Important Points:
Flour is all around us and a temptation at every meal. Breakfast toast, bagels, cereal, and pancakes fill our tables. Lunch revolves around sandwiches, wraps, pasta and pizza. Refined grains have been vilified as one of the leadings causes of ill health. Is there any truth to this? Should we toss all refined grain products off our tables? We will have an in-depth look at the good, the bad, and the ugly of refined flour to give you a better understanding of the goodies on your plate.
Refined grain is the term used to refer to grains that are not whole, because they are missing one or more of their three key parts (bran, germ, or endosperm).
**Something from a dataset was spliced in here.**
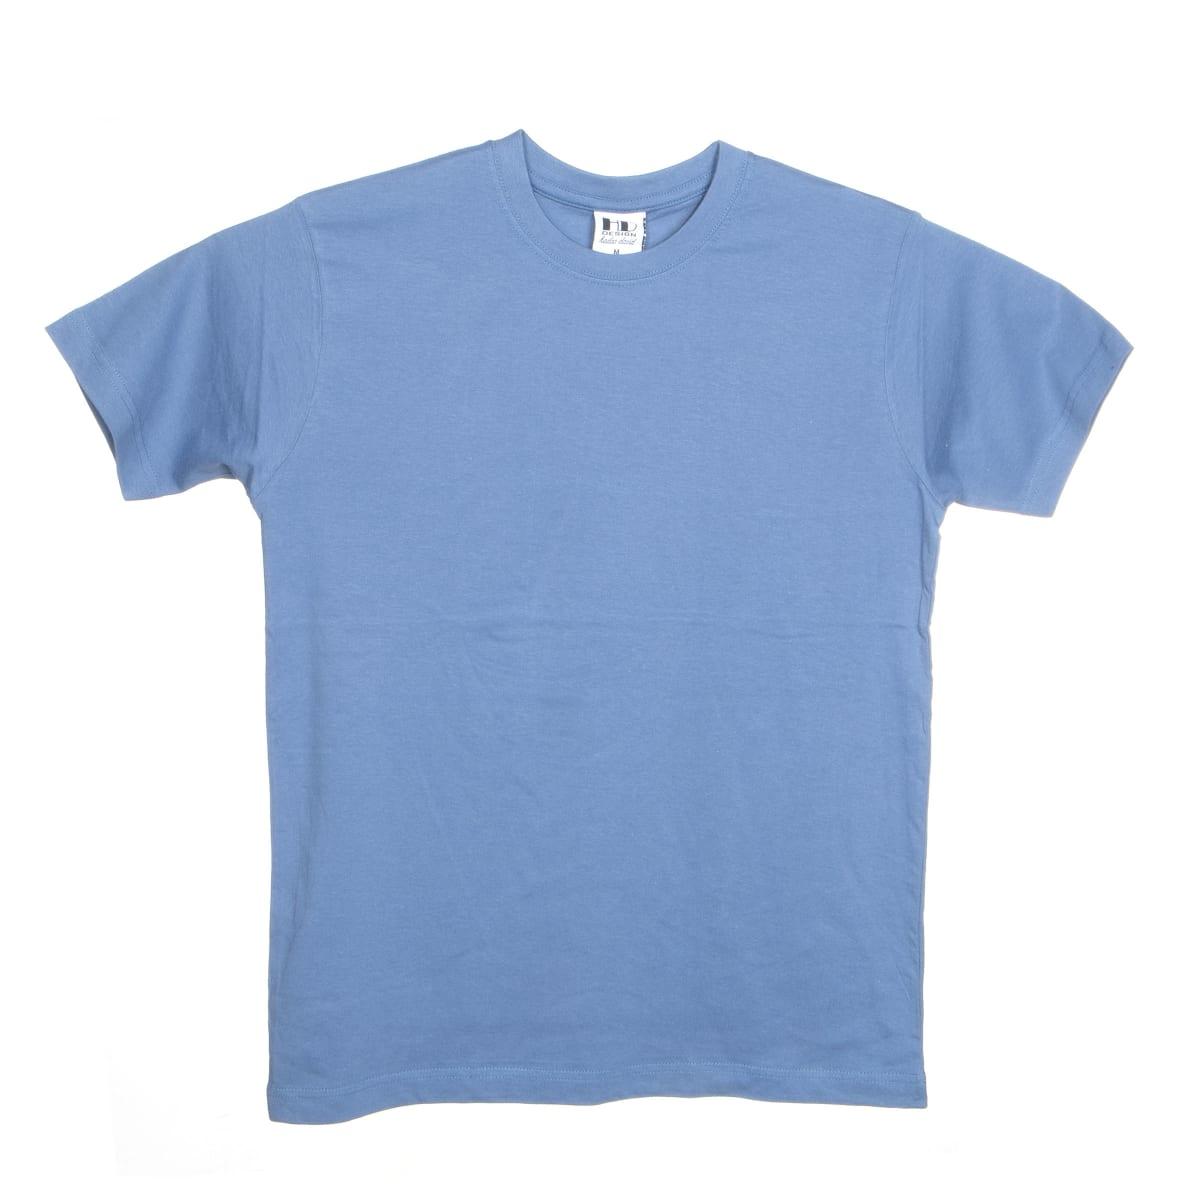 הדפסה על חולצה | חולצת כותנה | חולצות כותנה | חולצת כותנה בצבע ג׳ינס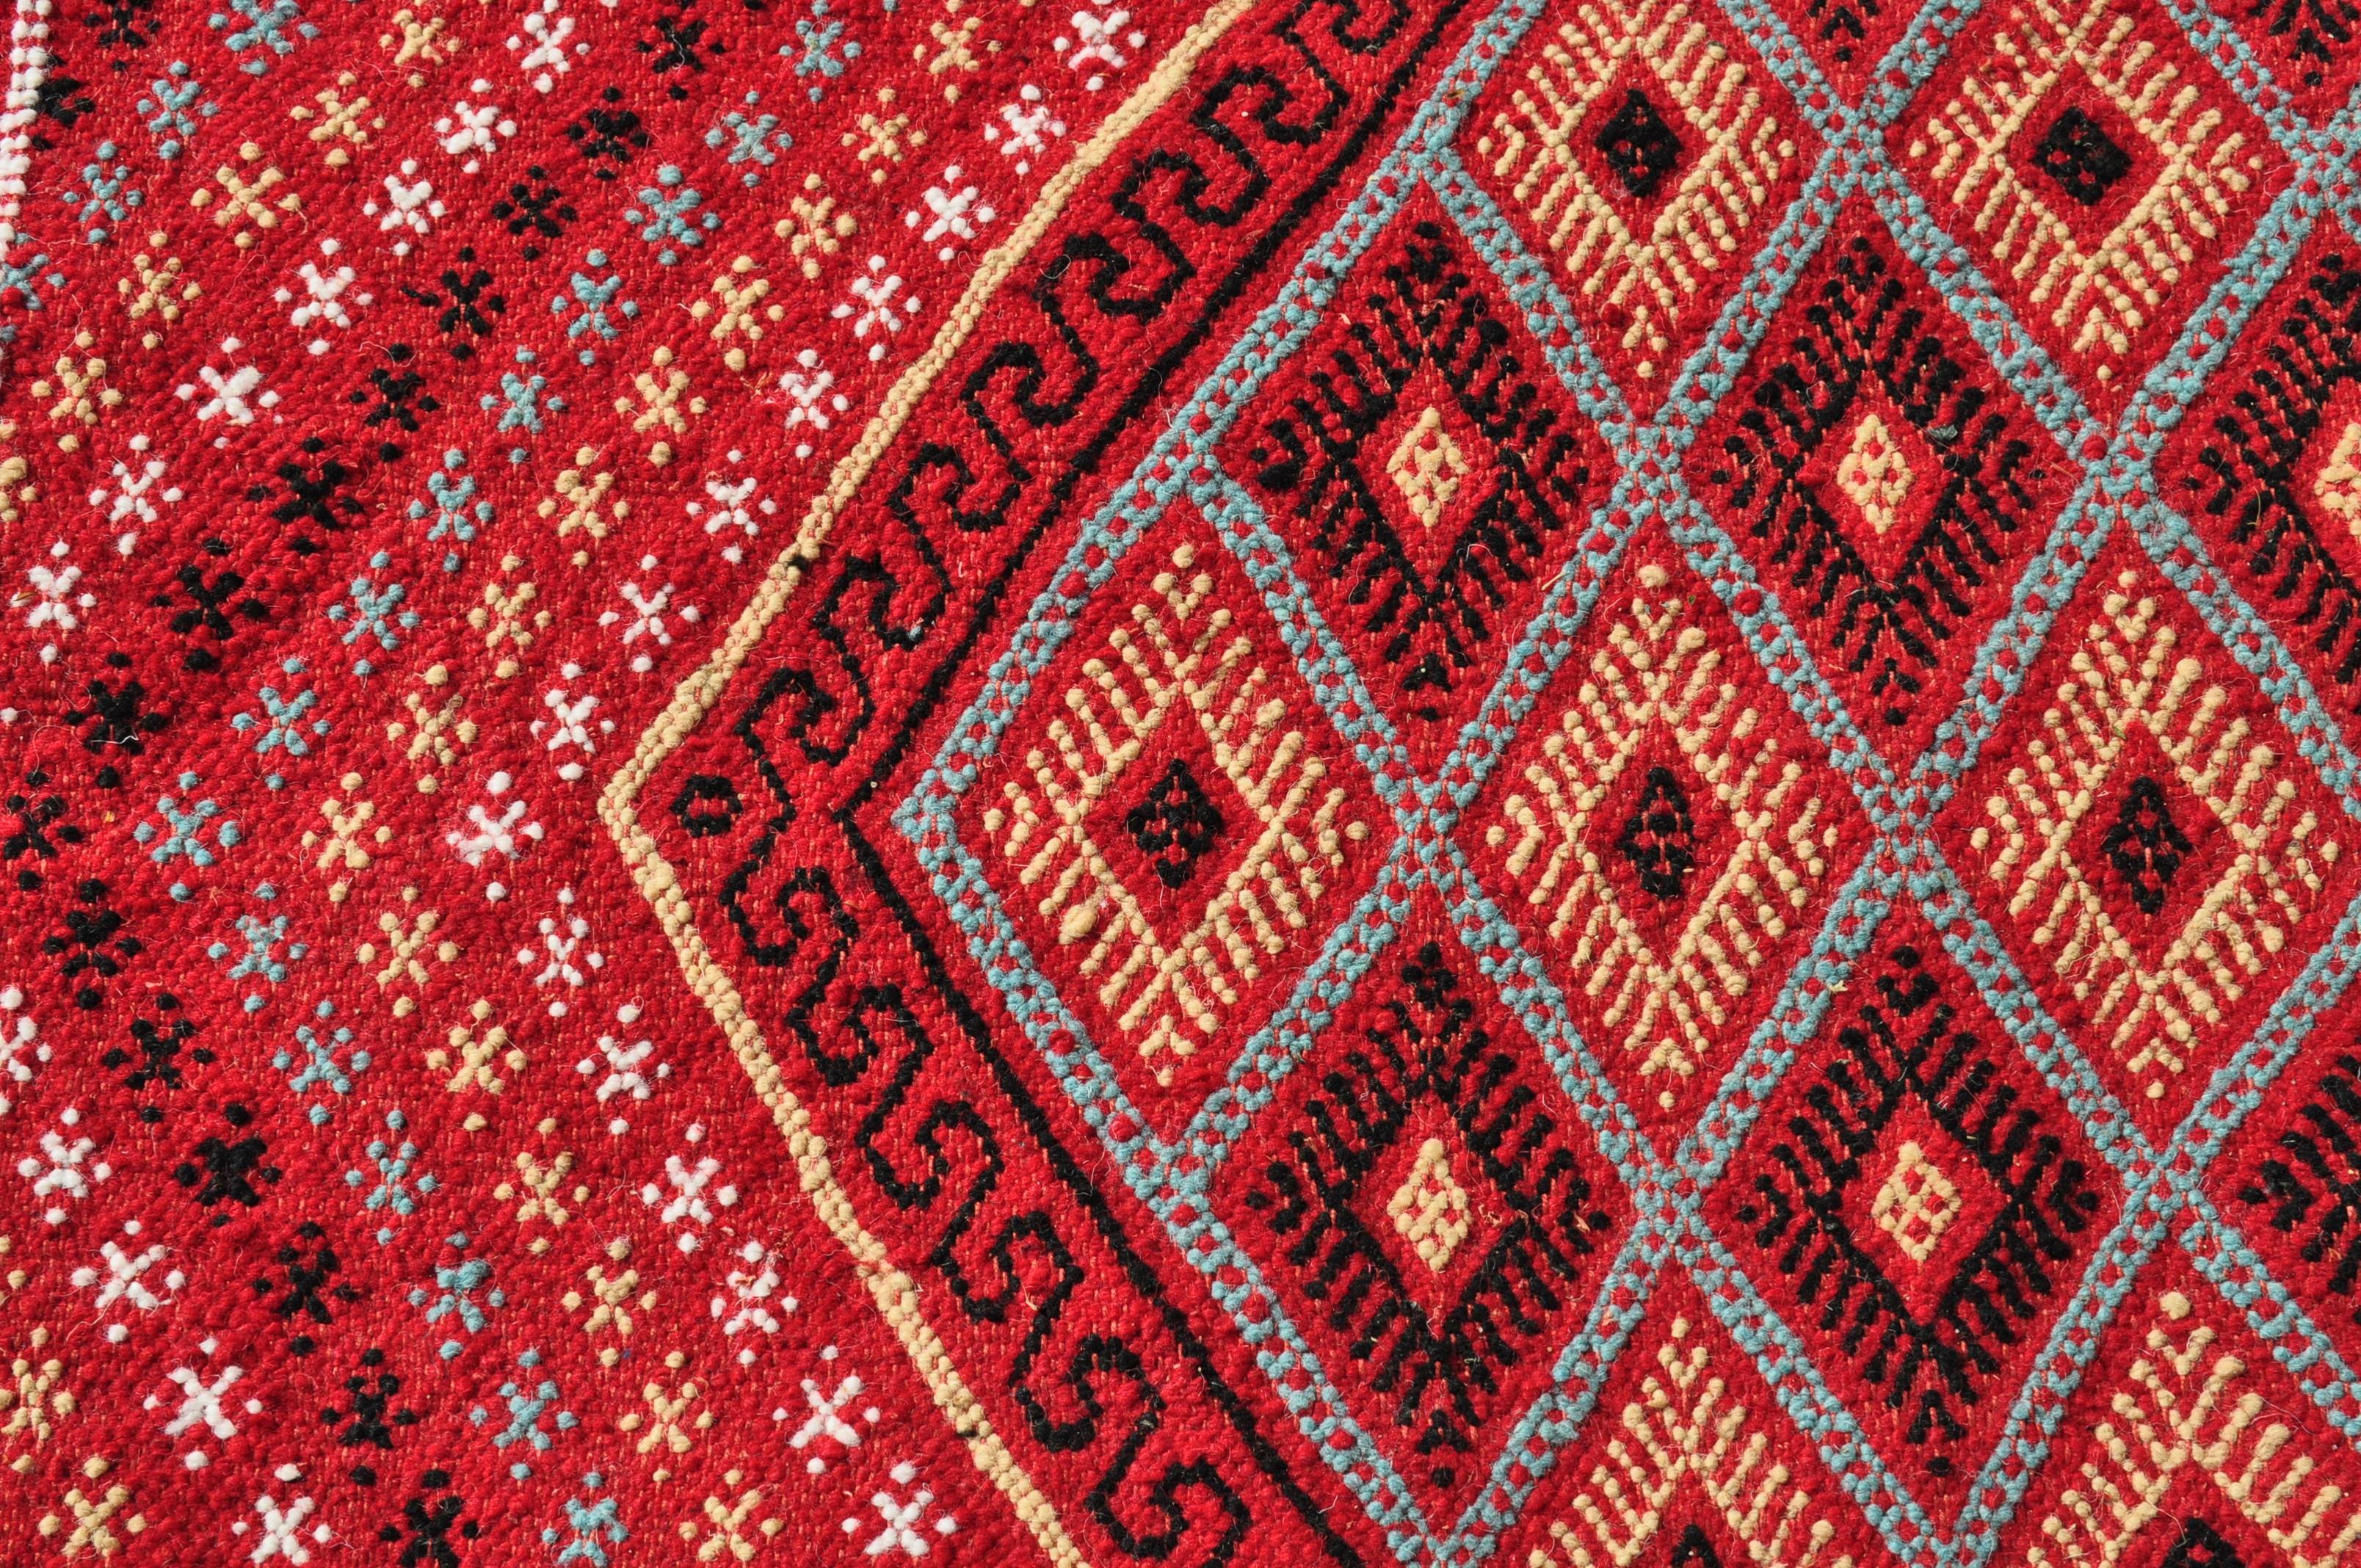 grands tapis tapis kilims et mergoums de tunisie et maroc 200 x 300 cm tapis rikez. Black Bedroom Furniture Sets. Home Design Ideas

White flour and white rice are refined grains, for instance, because both have had their bran and germ removed, leaving only the endosperm. Refining a grain removes about a quarter of the protein in a grain and half to two thirds or more of a score of nutrients, leaving the grain a mere shadow of its original self.
Further refining includes mixing, bleaching, and brominating; additionally, thiamin, riboflavin, niacin, and iron are often added back in to nutritionally enrich the product. Because the added nutrients represent a fraction of the nutrients removed, refined grains are considered nutritionally inferior to whole grains. However, for some grains the removal of fiber coupled with fine grinding results in a slightly higher availability of grain energy for use by the body.
Grain refining led to disastrous and widespread nutritional problems, like the deficiency diseases pelagra and beri-beri. In response, many governments recommended or required that refined grains be “enriched.”
The federal government’s 2010 Dietary Guidelines for Americans recommend that half your daily grain intake be from high-fiber whole-grain sources, foods like brown rice, oatmeal and whole-wheat bread. Nutritionists often exhort people to choose whole grains over refined ones whenever they can.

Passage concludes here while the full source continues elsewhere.